Provided data:
☆ ☆ ☆

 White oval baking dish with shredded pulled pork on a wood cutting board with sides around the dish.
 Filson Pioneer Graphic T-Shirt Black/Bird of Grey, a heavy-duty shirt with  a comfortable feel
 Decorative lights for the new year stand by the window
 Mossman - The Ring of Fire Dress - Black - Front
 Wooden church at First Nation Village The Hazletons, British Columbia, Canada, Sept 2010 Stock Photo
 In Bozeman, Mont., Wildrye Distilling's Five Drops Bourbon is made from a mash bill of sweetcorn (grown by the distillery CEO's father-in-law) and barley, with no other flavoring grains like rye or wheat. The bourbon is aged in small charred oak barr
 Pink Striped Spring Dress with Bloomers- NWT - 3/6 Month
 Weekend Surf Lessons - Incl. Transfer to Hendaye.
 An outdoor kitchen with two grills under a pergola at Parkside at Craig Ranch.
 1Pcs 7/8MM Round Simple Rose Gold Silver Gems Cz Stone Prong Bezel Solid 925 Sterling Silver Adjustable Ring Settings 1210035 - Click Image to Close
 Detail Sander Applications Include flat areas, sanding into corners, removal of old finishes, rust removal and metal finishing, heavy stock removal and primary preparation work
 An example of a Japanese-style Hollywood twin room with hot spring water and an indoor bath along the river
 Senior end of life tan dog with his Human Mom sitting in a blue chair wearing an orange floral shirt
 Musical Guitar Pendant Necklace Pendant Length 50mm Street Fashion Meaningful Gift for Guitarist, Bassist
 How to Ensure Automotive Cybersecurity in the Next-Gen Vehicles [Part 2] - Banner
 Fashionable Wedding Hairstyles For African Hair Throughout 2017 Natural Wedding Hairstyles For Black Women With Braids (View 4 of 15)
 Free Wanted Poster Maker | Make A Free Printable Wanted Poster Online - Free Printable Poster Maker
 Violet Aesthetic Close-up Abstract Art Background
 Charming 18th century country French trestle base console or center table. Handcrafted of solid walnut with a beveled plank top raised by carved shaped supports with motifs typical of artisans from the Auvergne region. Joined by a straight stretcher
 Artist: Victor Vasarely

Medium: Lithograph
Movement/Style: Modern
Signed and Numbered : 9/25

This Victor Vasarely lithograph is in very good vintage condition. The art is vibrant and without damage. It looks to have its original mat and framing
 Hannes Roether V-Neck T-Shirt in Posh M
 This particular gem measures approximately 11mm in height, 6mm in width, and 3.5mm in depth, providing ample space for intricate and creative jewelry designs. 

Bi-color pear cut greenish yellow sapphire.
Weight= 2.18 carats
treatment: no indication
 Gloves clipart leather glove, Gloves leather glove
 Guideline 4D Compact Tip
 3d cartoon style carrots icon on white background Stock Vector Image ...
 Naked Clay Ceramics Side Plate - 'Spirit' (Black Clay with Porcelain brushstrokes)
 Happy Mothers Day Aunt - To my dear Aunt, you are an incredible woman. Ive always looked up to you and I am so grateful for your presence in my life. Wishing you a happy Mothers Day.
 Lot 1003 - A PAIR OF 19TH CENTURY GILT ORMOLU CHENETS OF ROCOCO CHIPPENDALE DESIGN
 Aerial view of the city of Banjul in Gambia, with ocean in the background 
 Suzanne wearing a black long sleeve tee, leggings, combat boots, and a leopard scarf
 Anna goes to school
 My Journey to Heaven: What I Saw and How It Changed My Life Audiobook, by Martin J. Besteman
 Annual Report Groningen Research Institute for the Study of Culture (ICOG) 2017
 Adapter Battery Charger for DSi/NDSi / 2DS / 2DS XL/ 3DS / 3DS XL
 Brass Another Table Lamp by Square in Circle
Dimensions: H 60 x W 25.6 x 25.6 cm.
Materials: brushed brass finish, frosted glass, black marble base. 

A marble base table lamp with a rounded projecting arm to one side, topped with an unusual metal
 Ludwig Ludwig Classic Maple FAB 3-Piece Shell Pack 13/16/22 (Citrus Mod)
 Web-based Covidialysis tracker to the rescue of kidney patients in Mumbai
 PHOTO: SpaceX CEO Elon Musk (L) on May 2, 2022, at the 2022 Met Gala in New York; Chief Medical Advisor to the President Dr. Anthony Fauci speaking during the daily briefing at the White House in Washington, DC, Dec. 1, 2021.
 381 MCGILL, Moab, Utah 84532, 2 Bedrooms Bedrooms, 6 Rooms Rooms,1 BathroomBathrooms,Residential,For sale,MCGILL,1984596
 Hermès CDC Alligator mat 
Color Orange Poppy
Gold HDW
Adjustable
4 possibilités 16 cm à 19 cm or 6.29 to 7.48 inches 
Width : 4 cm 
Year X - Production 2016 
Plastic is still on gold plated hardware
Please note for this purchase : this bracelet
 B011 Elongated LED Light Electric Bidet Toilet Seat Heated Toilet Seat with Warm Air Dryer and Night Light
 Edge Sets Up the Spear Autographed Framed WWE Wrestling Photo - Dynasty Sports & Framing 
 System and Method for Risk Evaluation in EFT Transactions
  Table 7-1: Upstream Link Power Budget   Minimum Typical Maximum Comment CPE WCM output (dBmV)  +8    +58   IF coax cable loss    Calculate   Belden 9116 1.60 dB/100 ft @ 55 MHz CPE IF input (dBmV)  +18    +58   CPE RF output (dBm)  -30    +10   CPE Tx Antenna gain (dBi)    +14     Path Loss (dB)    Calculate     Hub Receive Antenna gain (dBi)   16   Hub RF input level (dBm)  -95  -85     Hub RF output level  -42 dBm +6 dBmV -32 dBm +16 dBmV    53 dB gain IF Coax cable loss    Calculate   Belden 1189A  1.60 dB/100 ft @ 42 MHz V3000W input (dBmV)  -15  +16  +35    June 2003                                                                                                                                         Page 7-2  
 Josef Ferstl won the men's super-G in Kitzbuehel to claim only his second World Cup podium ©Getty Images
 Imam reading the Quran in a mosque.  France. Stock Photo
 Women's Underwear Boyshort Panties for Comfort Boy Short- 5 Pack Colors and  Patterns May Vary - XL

☆ ☆ ☆

Task item: Reproduce every line of the data verbatim.

Solved problem:
 White oval baking dish with shredded pulled pork on a wood cutting board with sides around the dish.
 Filson Pioneer Graphic T-Shirt Black/Bird of Grey, a heavy-duty shirt with  a comfortable feel
 Decorative lights for the new year stand by the window
 Mossman - The Ring of Fire Dress - Black - Front
 Wooden church at First Nation Village The Hazletons, British Columbia, Canada, Sept 2010 Stock Photo
 In Bozeman, Mont., Wildrye Distilling's Five Drops Bourbon is made from a mash bill of sweetcorn (grown by the distillery CEO's father-in-law) and barley, with no other flavoring grains like rye or wheat. The bourbon is aged in small charred oak barr
 Pink Striped Spring Dress with Bloomers- NWT - 3/6 Month
 Weekend Surf Lessons - Incl. Transfer to Hendaye.
 An outdoor kitchen with two grills under a pergola at Parkside at Craig Ranch.
 1Pcs 7/8MM Round Simple Rose Gold Silver Gems Cz Stone Prong Bezel Solid 925 Sterling Silver Adjustable Ring Settings 1210035 - Click Image to Close
 Detail Sander Applications Include flat areas, sanding into corners, removal of old finishes, rust removal and metal finishing, heavy stock removal and primary preparation work
 An example of a Japanese-style Hollywood twin room with hot spring water and an indoor bath along the river
 Senior end of life tan dog with his Human Mom sitting in a blue chair wearing an orange floral shirt
 Musical Guitar Pendant Necklace Pendant Length 50mm Street Fashion Meaningful Gift for Guitarist, Bassist
 How to Ensure Automotive Cybersecurity in the Next-Gen Vehicles [Part 2] - Banner
 Fashionable Wedding Hairstyles For African Hair Throughout 2017 Natural Wedding Hairstyles For Black Women With Braids (View 4 of 15)
 Free Wanted Poster Maker | Make A Free Printable Wanted Poster Online - Free Printable Poster Maker
 Violet Aesthetic Close-up Abstract Art Background
 Charming 18th century country French trestle base console or center table. Handcrafted of solid walnut with a beveled plank top raised by carved shaped supports with motifs typical of artisans from the Auvergne region. Joined by a straight stretcher
 Artist: Victor Vasarely

Medium: Lithograph
Movement/Style: Modern
Signed and Numbered : 9/25

This Victor Vasarely lithograph is in very good vintage condition. The art is vibrant and without damage. It looks to have its original mat and framing
 Hannes Roether V-Neck T-Shirt in Posh M
 This particular gem measures approximately 11mm in height, 6mm in width, and 3.5mm in depth, providing ample space for intricate and creative jewelry designs. 

Bi-color pear cut greenish yellow sapphire.
Weight= 2.18 carats
treatment: no indication
 Gloves clipart leather glove, Gloves leather glove
 Guideline 4D Compact Tip
 3d cartoon style carrots icon on white background Stock Vector Image ...
 Naked Clay Ceramics Side Plate - 'Spirit' (Black Clay with Porcelain brushstrokes)
 Happy Mothers Day Aunt - To my dear Aunt, you are an incredible woman. Ive always looked up to you and I am so grateful for your presence in my life. Wishing you a happy Mothers Day.
 Lot 1003 - A PAIR OF 19TH CENTURY GILT ORMOLU CHENETS OF ROCOCO CHIPPENDALE DESIGN
 Aerial view of the city of Banjul in Gambia, with ocean in the background 
 Suzanne wearing a black long sleeve tee, leggings, combat boots, and a leopard scarf
 Anna goes to school
 My Journey to Heaven: What I Saw and How It Changed My Life Audiobook, by Martin J. Besteman
 Annual Report Groningen Research Institute for the Study of Culture (ICOG) 2017
 Adapter Battery Charger for DSi/NDSi / 2DS / 2DS XL/ 3DS / 3DS XL
 Brass Another Table Lamp by Square in Circle
Dimensions: H 60 x W 25.6 x 25.6 cm.
Materials: brushed brass finish, frosted glass, black marble base. 

A marble base table lamp with a rounded projecting arm to one side, topped with an unusual metal
 Ludwig Ludwig Classic Maple FAB 3-Piece Shell Pack 13/16/22 (Citrus Mod)
 Web-based Covidialysis tracker to the rescue of kidney patients in Mumbai
 PHOTO: SpaceX CEO Elon Musk (L) on May 2, 2022, at the 2022 Met Gala in New York; Chief Medical Advisor to the President Dr. Anthony Fauci speaking during the daily briefing at the White House in Washington, DC, Dec. 1, 2021.
 381 MCGILL, Moab, Utah 84532, 2 Bedrooms Bedrooms, 6 Rooms Rooms,1 BathroomBathrooms,Residential,For sale,MCGILL,1984596
 Hermès CDC Alligator mat 
Color Orange Poppy
Gold HDW
Adjustable
4 possibilités 16 cm à 19 cm or 6.29 to 7.48 inches 
Width : 4 cm 
Year X - Production 2016 
Plastic is still on gold plated hardware
Please note for this purchase : this bracelet
 B011 Elongated LED Light Electric Bidet Toilet Seat Heated Toilet Seat with Warm Air Dryer and Night Light
 Edge Sets Up the Spear Autographed Framed WWE Wrestling Photo - Dynasty Sports & Framing 
 System and Method for Risk Evaluation in EFT Transactions
  Table 7-1: Upstream Link Power Budget   Minimum Typical Maximum Comment CPE WCM output (dBmV)  +8    +58   IF coax cable loss    Calculate   Belden 9116 1.60 dB/100 ft @ 55 MHz CPE IF input (dBmV)  +18    +58   CPE RF output (dBm)  -30    +10   CPE Tx Antenna gain (dBi)    +14     Path Loss (dB)    Calculate     Hub Receive Antenna gain (dBi)   16   Hub RF input level (dBm)  -95  -85     Hub RF output level  -42 dBm +6 dBmV -32 dBm +16 dBmV    53 dB gain IF Coax cable loss    Calculate   Belden 1189A  1.60 dB/100 ft @ 42 MHz V3000W input (dBmV)  -15  +16  +35    June 2003                                                                                                                                         Page 7-2  
 Josef Ferstl won the men's super-G in Kitzbuehel to claim only his second World Cup podium ©Getty Images
 Imam reading the Quran in a mosque.  France. Stock Photo
 Women's Underwear Boyshort Panties for Comfort Boy Short- 5 Pack Colors and  Patterns May Vary - XL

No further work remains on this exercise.